## Dataset excerpt
◇ ◇ ◇ ◇

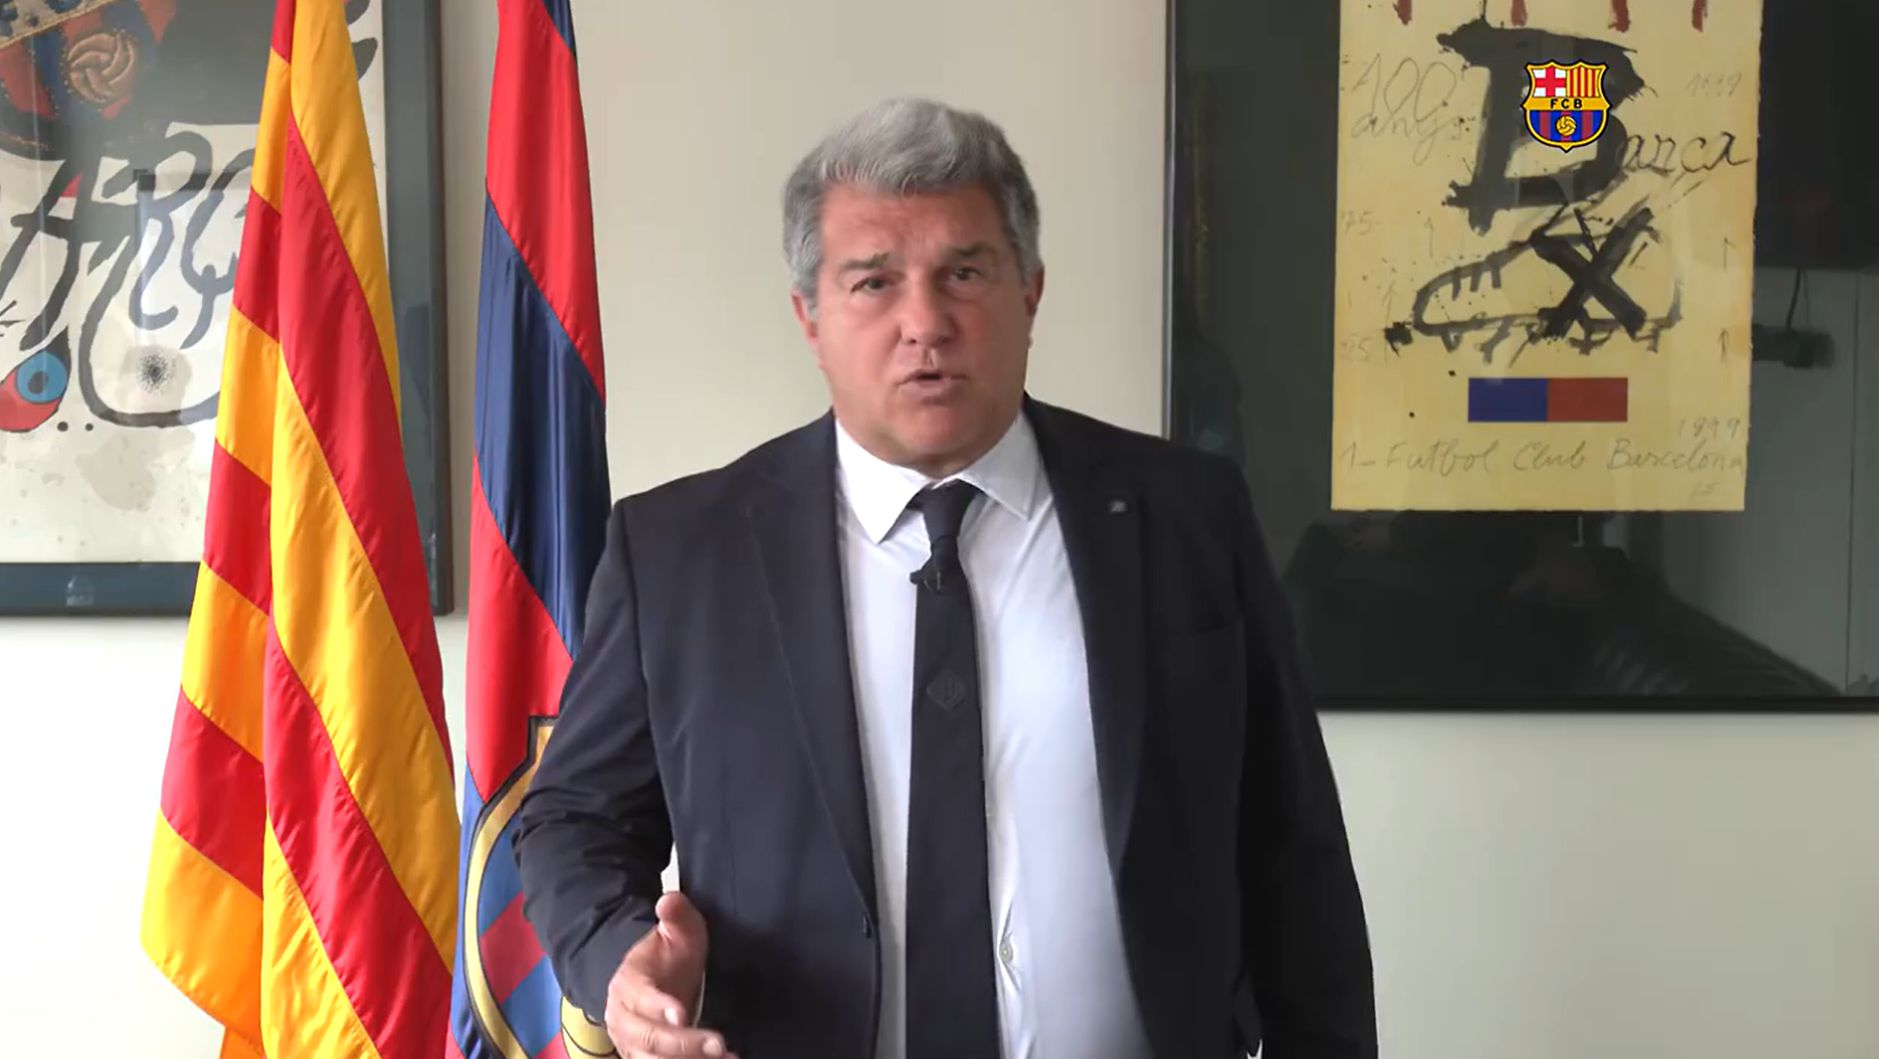 Barcelona President Joan Laporta puts Clasico replay on the table due to ghost goal – cites precedent
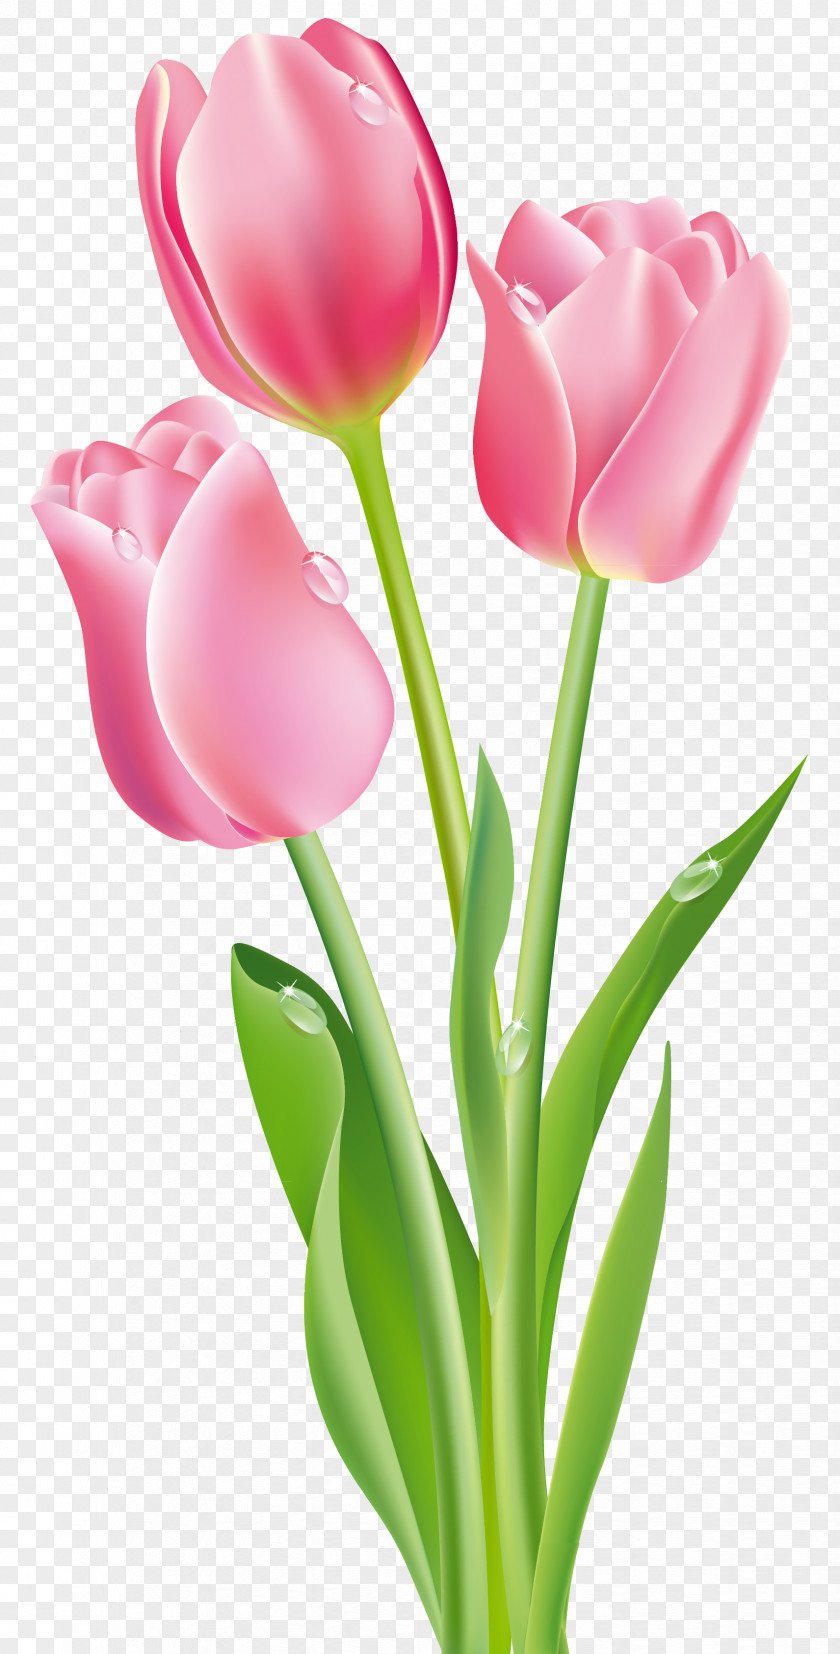 Pink Tulips Clipart Image Tulip Flower Clip Art PNG
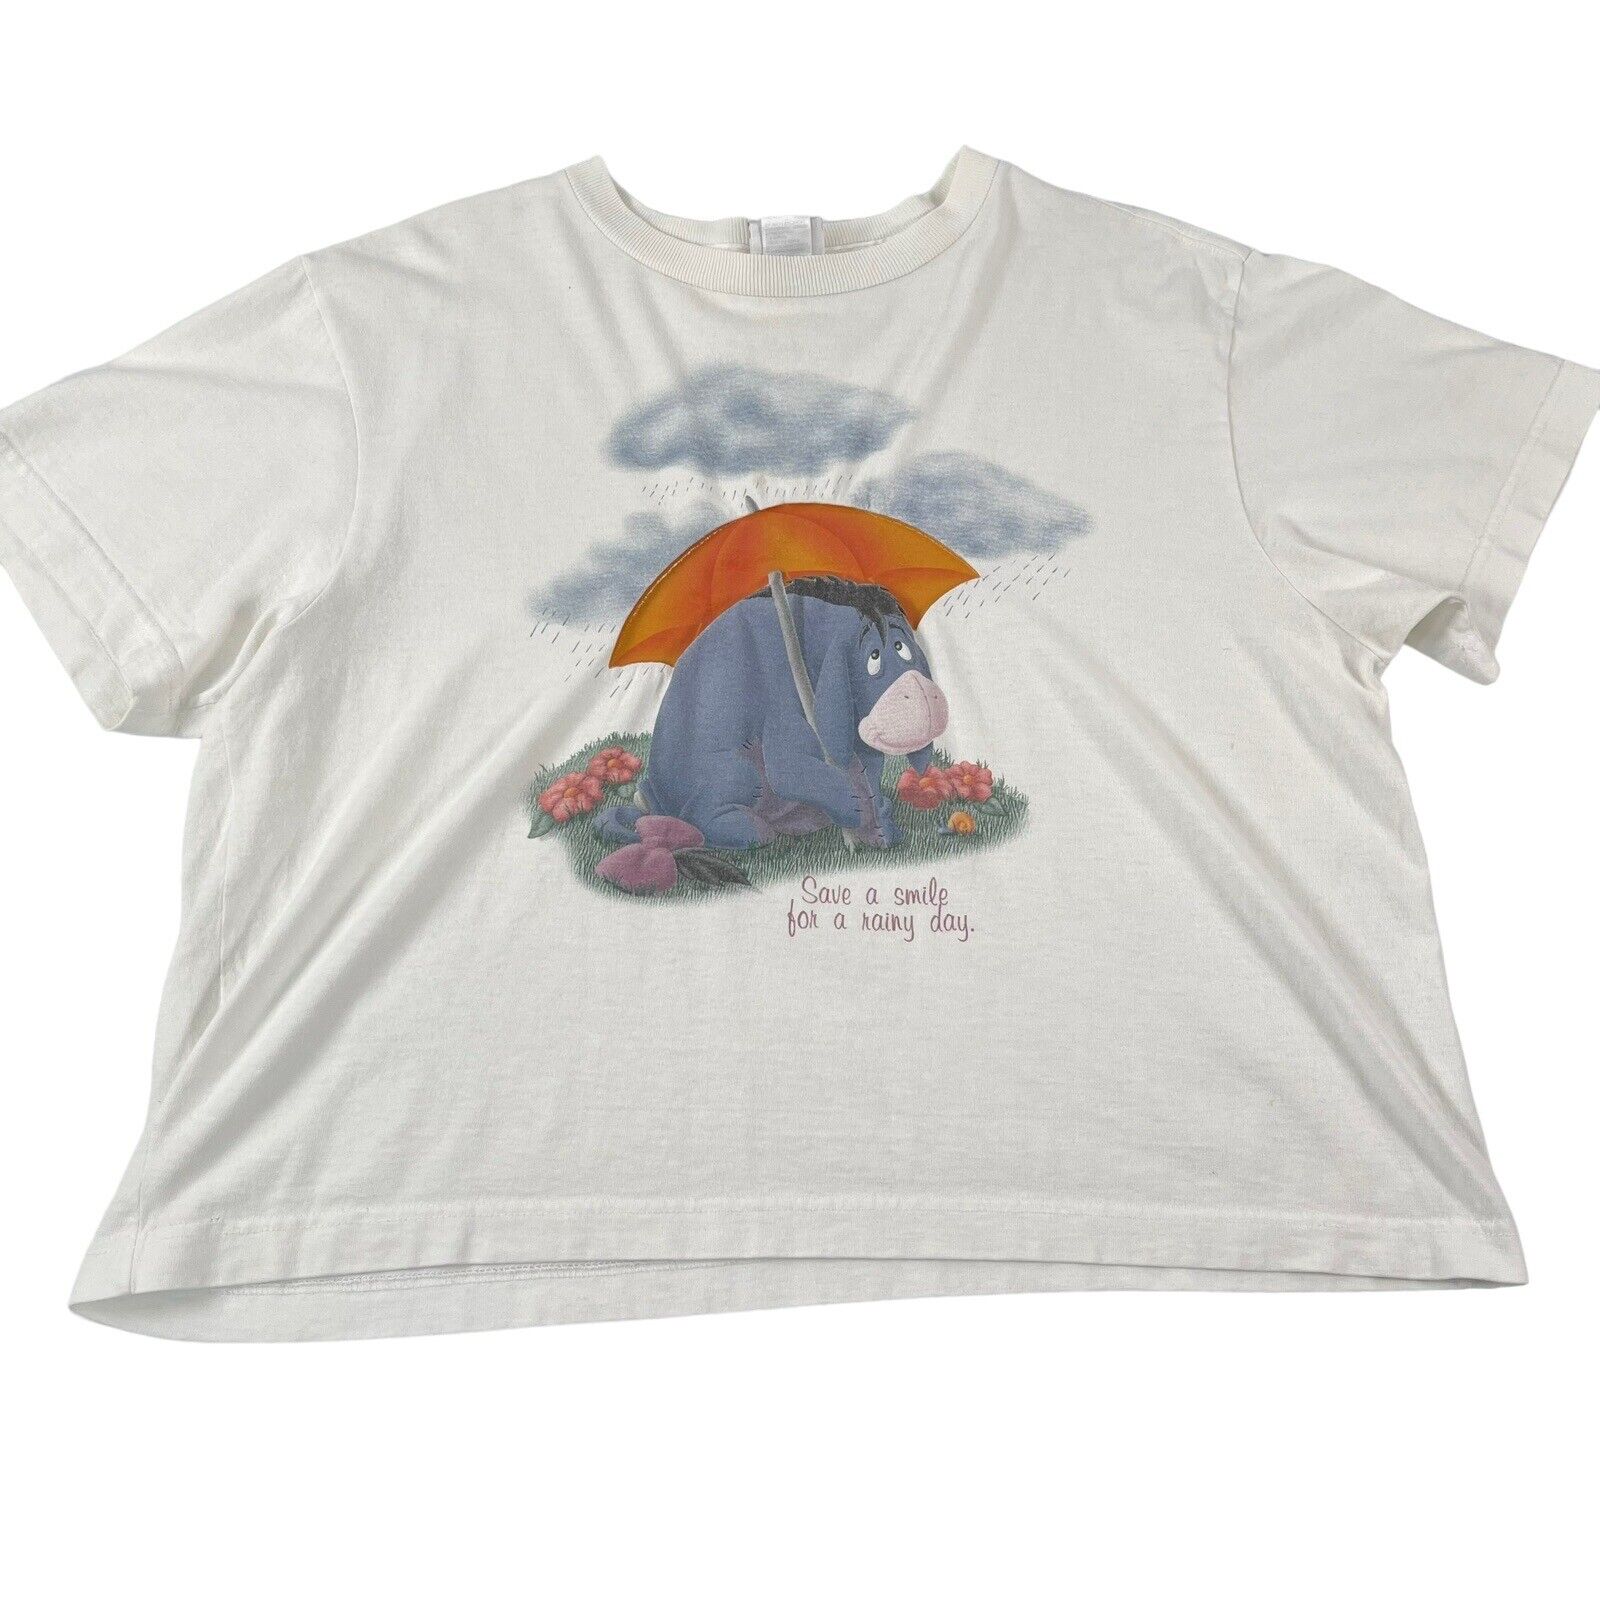 Disney Store Eeyore Shirt Save A Smile for Rainy Day Adult Size Large Vintage

◇ ◇ ◇ ◇

## Instructions to follow
All of the material above should be copied exactly, minus the pictures.

## Exercise result
 Barcelona President Joan Laporta puts Clasico replay on the table due to ghost goal – cites precedent
 Pink Tulips Clipart Image Tulip Flower Clip Art PNG
 Disney Store Eeyore Shirt Save A Smile for Rainy Day Adult Size Large Vintage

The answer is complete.